Under ruby-colored lighting that surrounded the orchestra, the program opened with the soothing, enchanting and majestic sweep of a selection from the Suite of “Harry Potter and the Sorcerer’s Stone.” Then followed the chilling, spooky and pounding pulsations of the “Shark Theme,” from the Oscar-winning film score of JAWS. Next, the audience was transported to the awakening dawn of a lush and tropical world via the “Theme from Jurassic Park.” The orchestra’s use of high-screen, close-up projections of the various soloists was particularly effective here. There would be a splendid air of mystery in the performance of “Excerpts from Close Encounters of the Third Kind,” and then came the warm, embracing magic of the “Flying Theme” from E.T. the Extra-Terrestrial, that accompanies the iconic scene of bicycling youngsters soaring skyward in silhouette across the full moon. If that wasn’t enough excitement, this first part of the program concluded with the thrilling “March” from Superman, but not before Krajewski could tease the audience a bit in musing about his amazement that “mild mannered reporter, Clark Kent,” was so easily rendered unrecognizable to his fellow journalists by simply removing his eyeglasses.

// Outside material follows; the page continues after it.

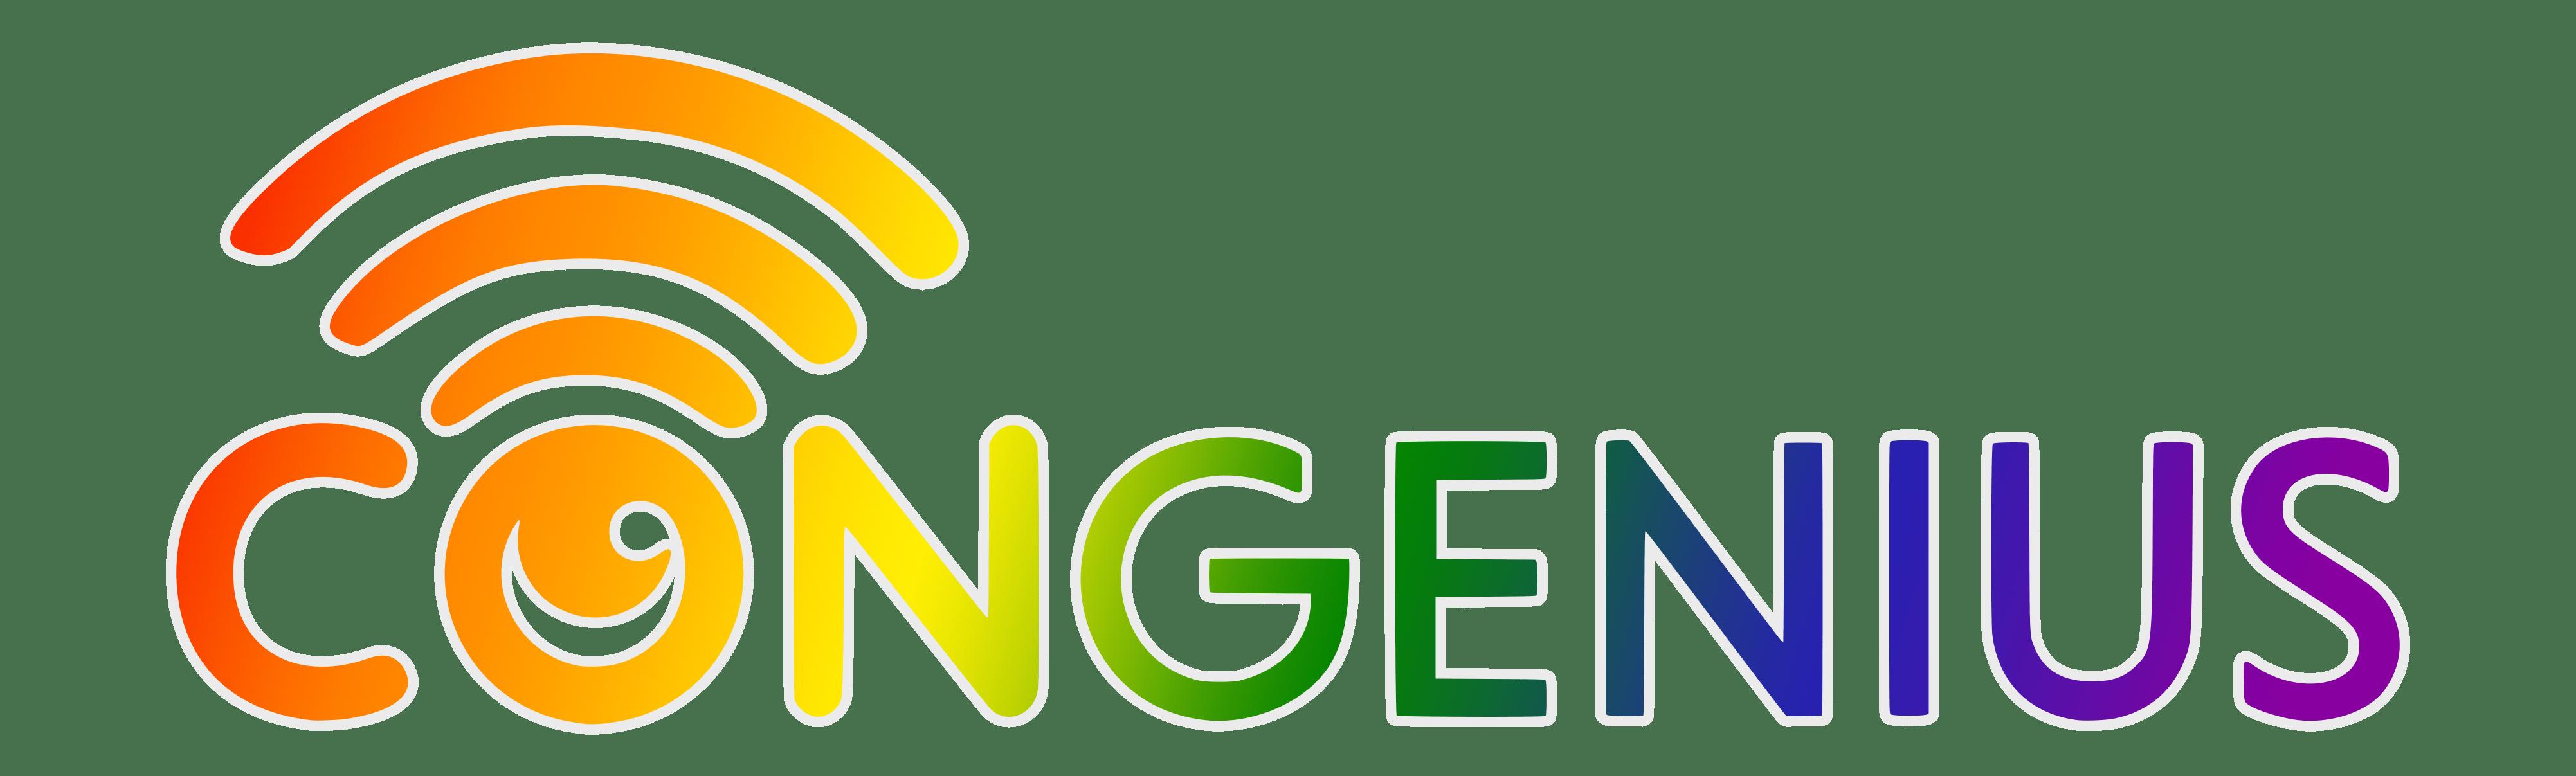 Congenius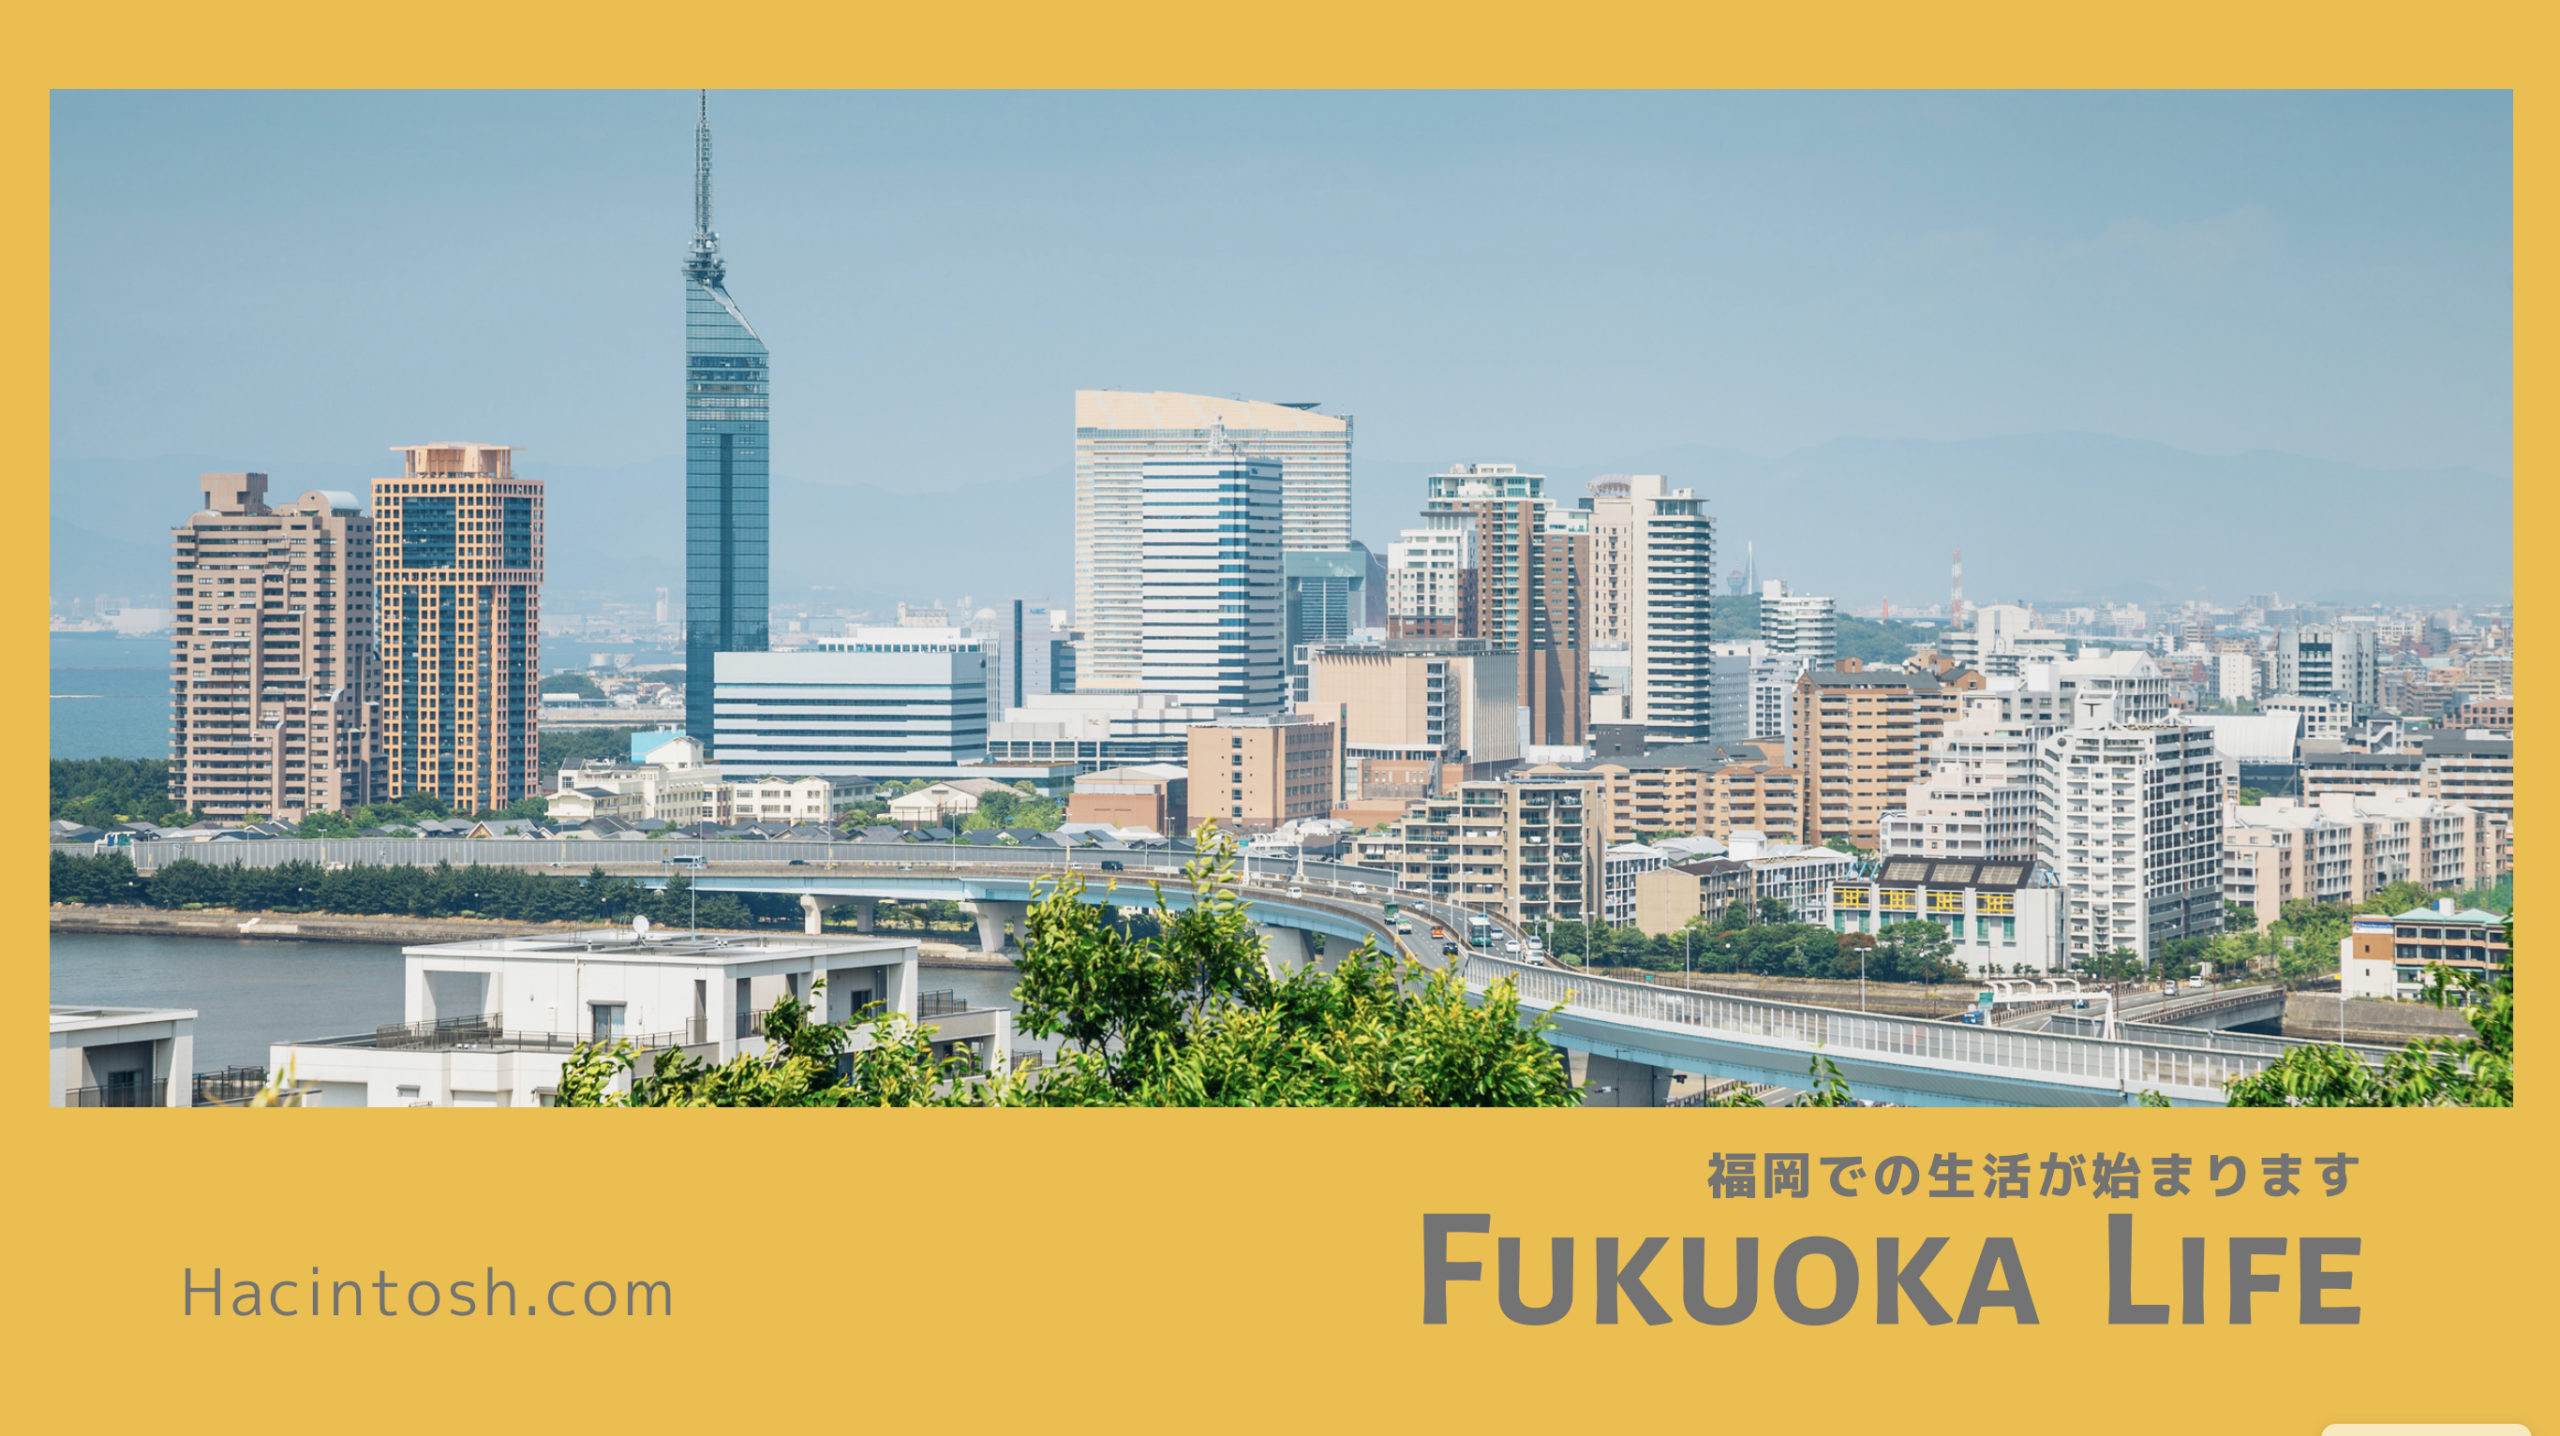 僕が福岡移住を決意した6つの魅力

The second part of the program was focused on Mr. Willliams’ music from the many films in the Star Wars series. First up were two selections from “Star Wars,” beginning with the sweeping, spatial quality of the “Main Title: Maestoso.” Then, when introducing the delicate, “Leia’s Theme: Andante,” maestro Krajewski reflected on the recent passing of actress, Carrie Fisher, who had played the role of Princess Leia in several films of the Star Wars series. During that piece, the stunning solo moments on flute from Aralee Dorough were a particular delight. Another favorite from the Star Wars Saga was the “Parade of the Ewoks: À la Marcia.” From The Phantom Menace, the orchestra performed the thrilling, “Flag Parade: Maestoso,” that seemed somehow reminiscent of “The March of the Charioteers” from Ben-Hur. “Across the Stars,” from The Attack of the Clones, had an intensely romantic quality that seemed to wrap its arms around the audience before ending in a gentle whisper. For pure, thunderous power there was the “Imperial March,” perhaps better known as “Darth Vader’s Theme.” The shimmering conclusion of, “The Jedi Steps and Finale,” seemed a closing overture as it reprised many of the themes in the films. Finally, the much-anticipated encore of the “Theme” from Raiders of the Lost Ark, was no less thrilling than all that had gone before it. Clearly, it was a night to remember in Jones Hall. We all eagerly await Krajewski’s next “Annual Farewell Concert.”